**Aim of the task**
The result should be an exact copy of only the lines from the one holding "(choose one set)" through the last line of the data below, please, without pictures.

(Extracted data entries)
▼

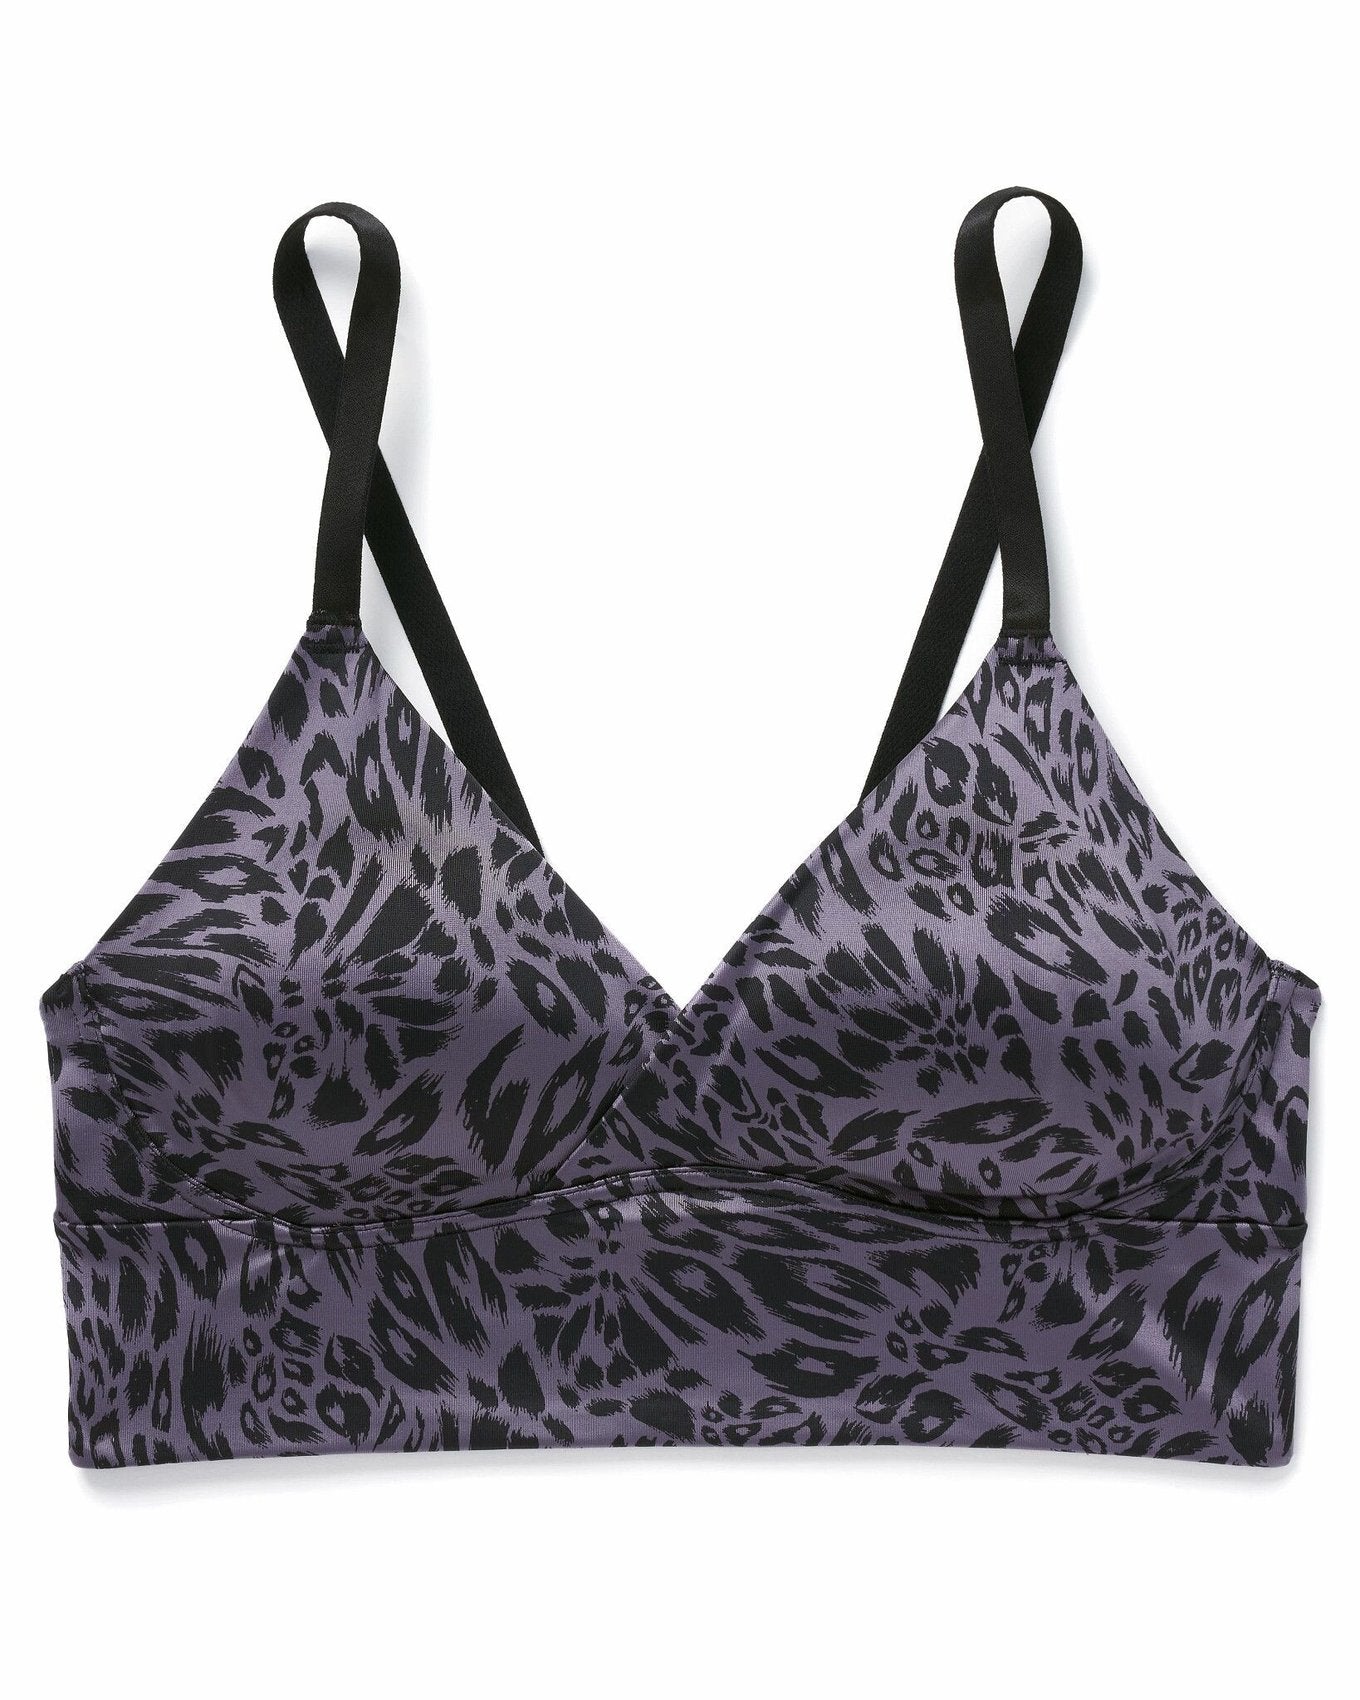 Adore Me Kali Low-Impact Sports Bra in color Feisty Leopard C02 and shape sports bra
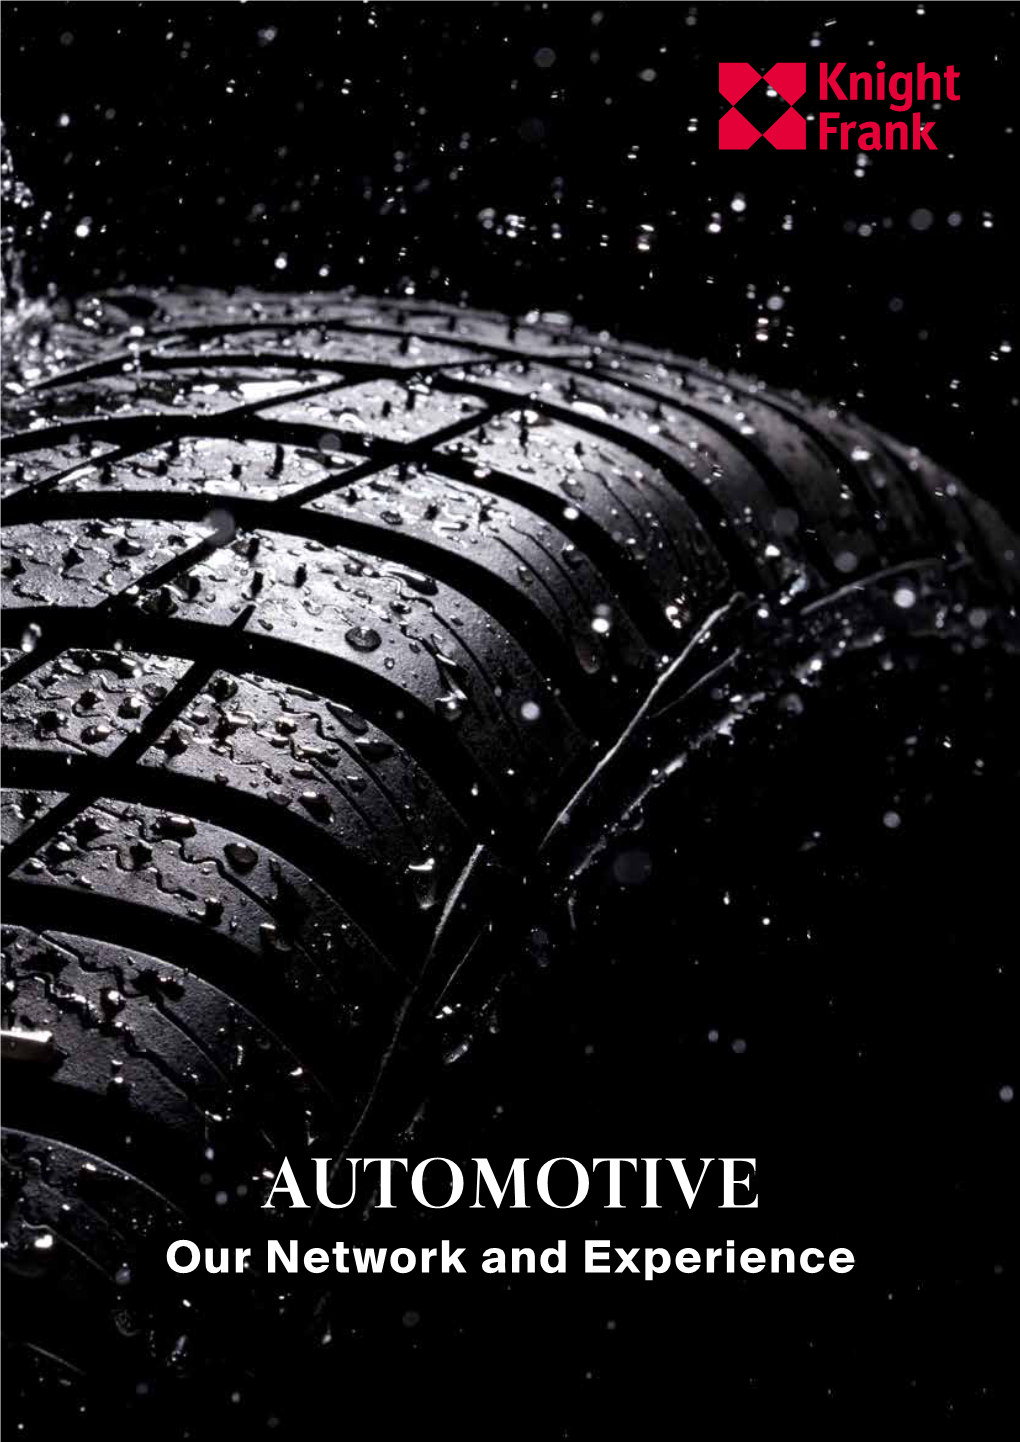 Knight Frank Automotive Brochure Our Network and Experience Read More
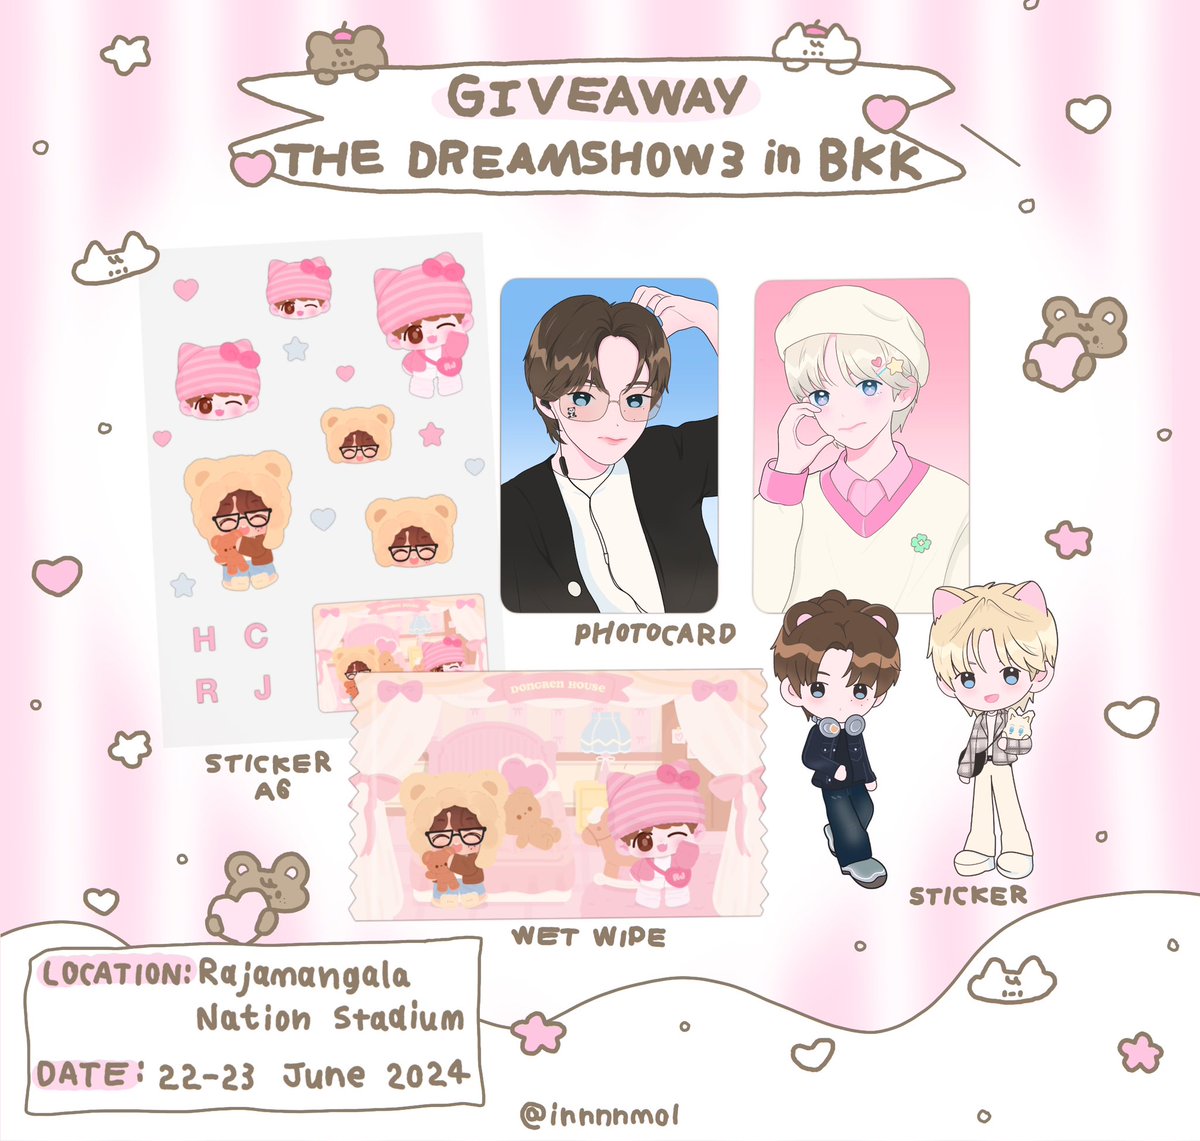 𝗧𝗛𝗘𝗗𝗥𝗘𝗔𝗠𝗦𝗛♡𝗪𝟯 𝗶𝗻 𝗕𝗞𝗞

H🐻echan set & R🦊njun set
(choose one set)

date : 22-23 June 2024 
location/time : tba 

♡ rt & show this tweet ♡

#NCTDREAM_THEDREAMSHOW3_in_BKK
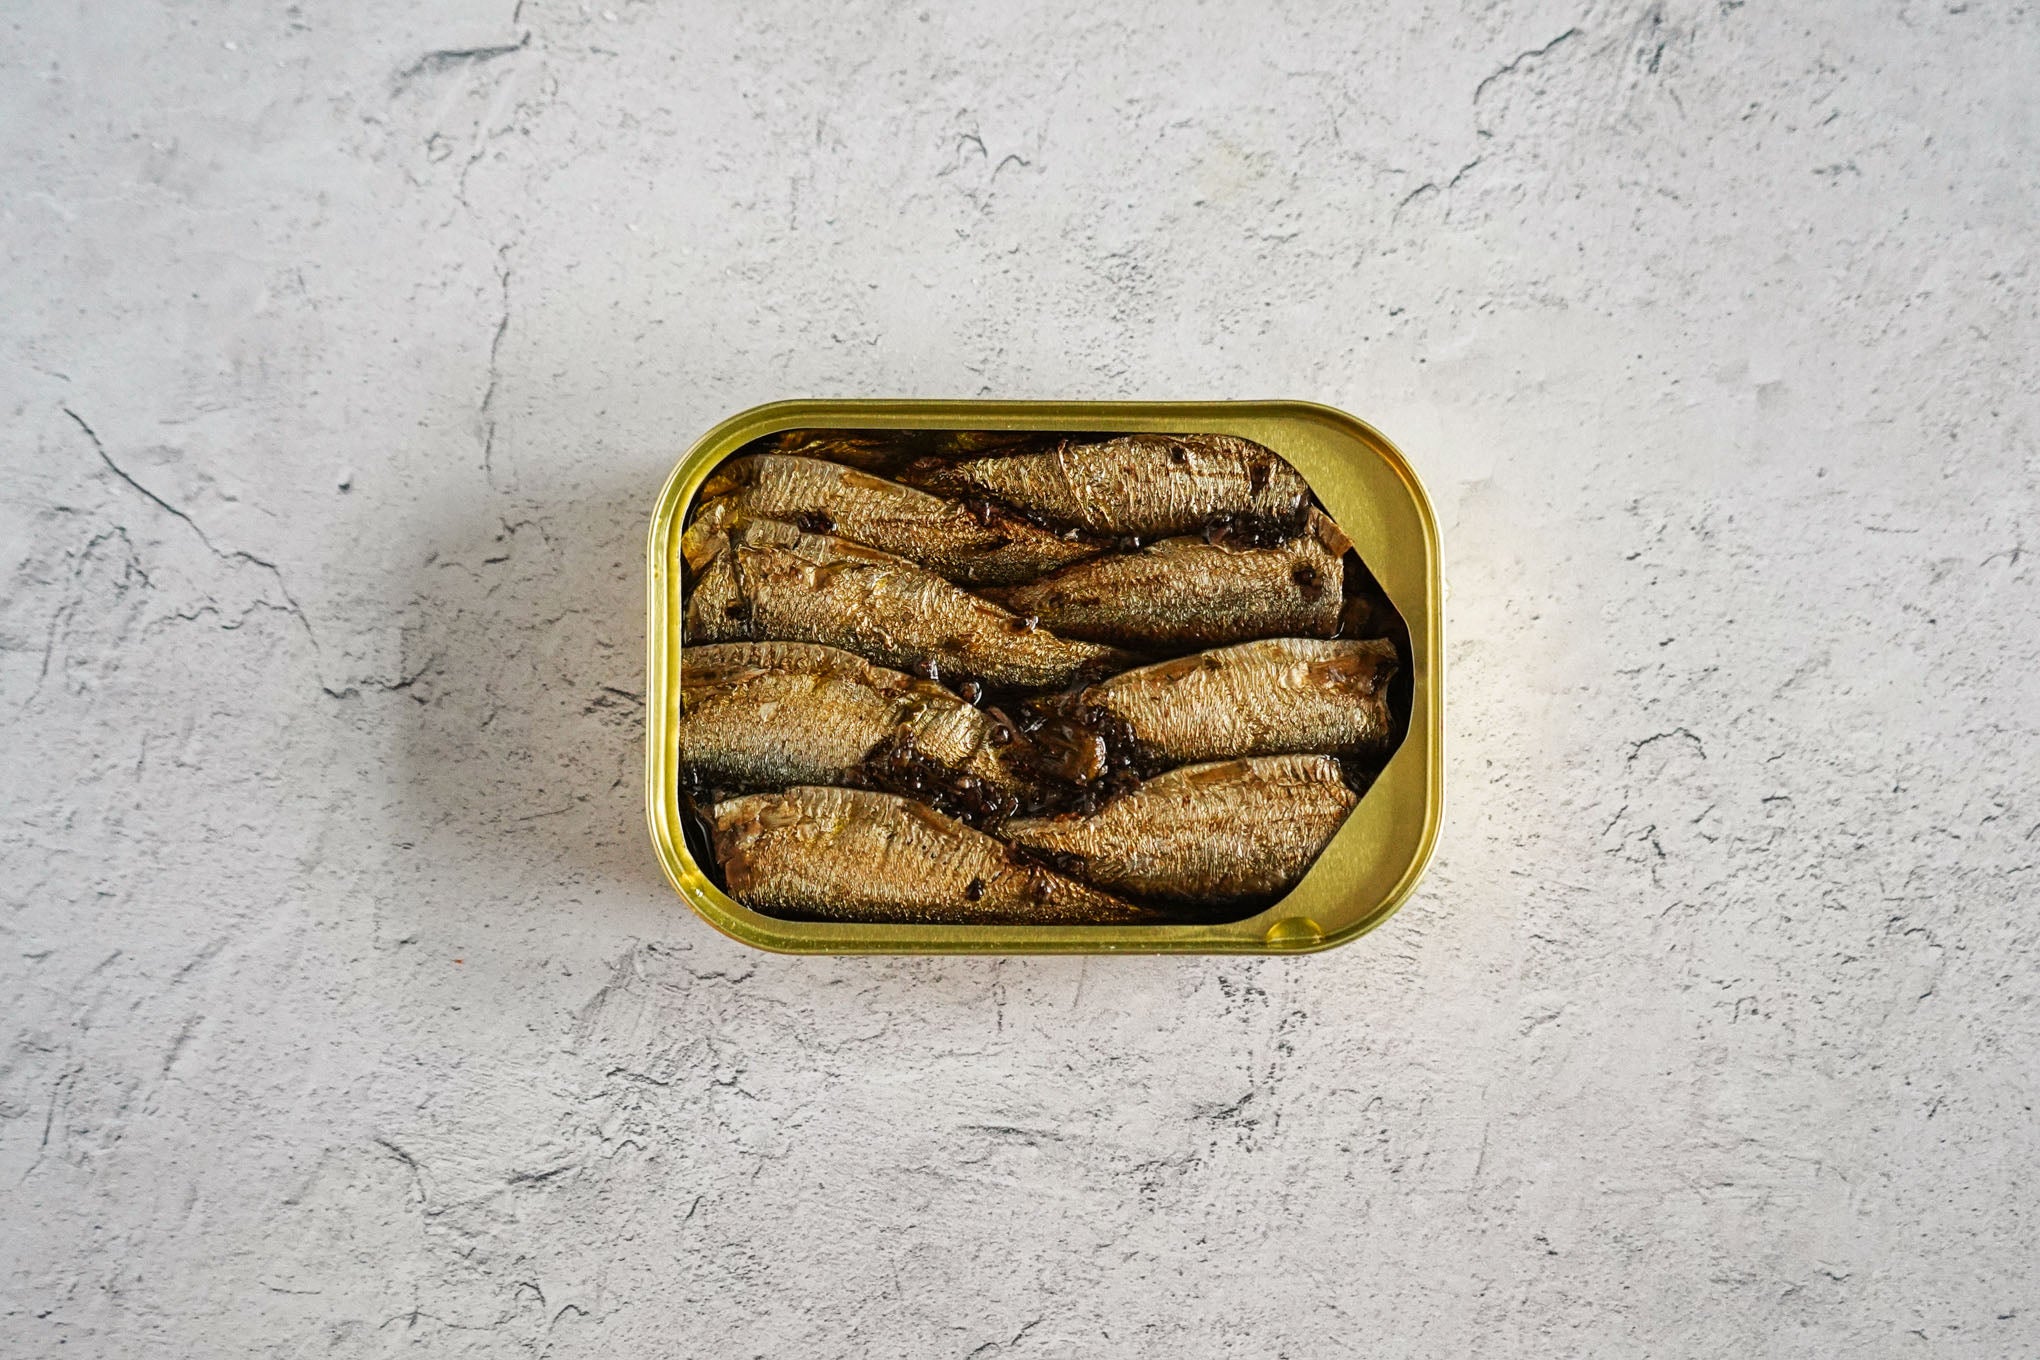 Fangst brisling no 1 Baltic Sea Sprat smoked with heather and chamomile open can

▲

**Exercise result**
(choose one set)

date : 22-23 June 2024 
location/time : tba 

♡ rt & show this tweet ♡

#NCTDREAM_THEDREAMSHOW3_in_BKK
 Fangst brisling no 1 Baltic Sea Sprat smoked with heather and chamomile open can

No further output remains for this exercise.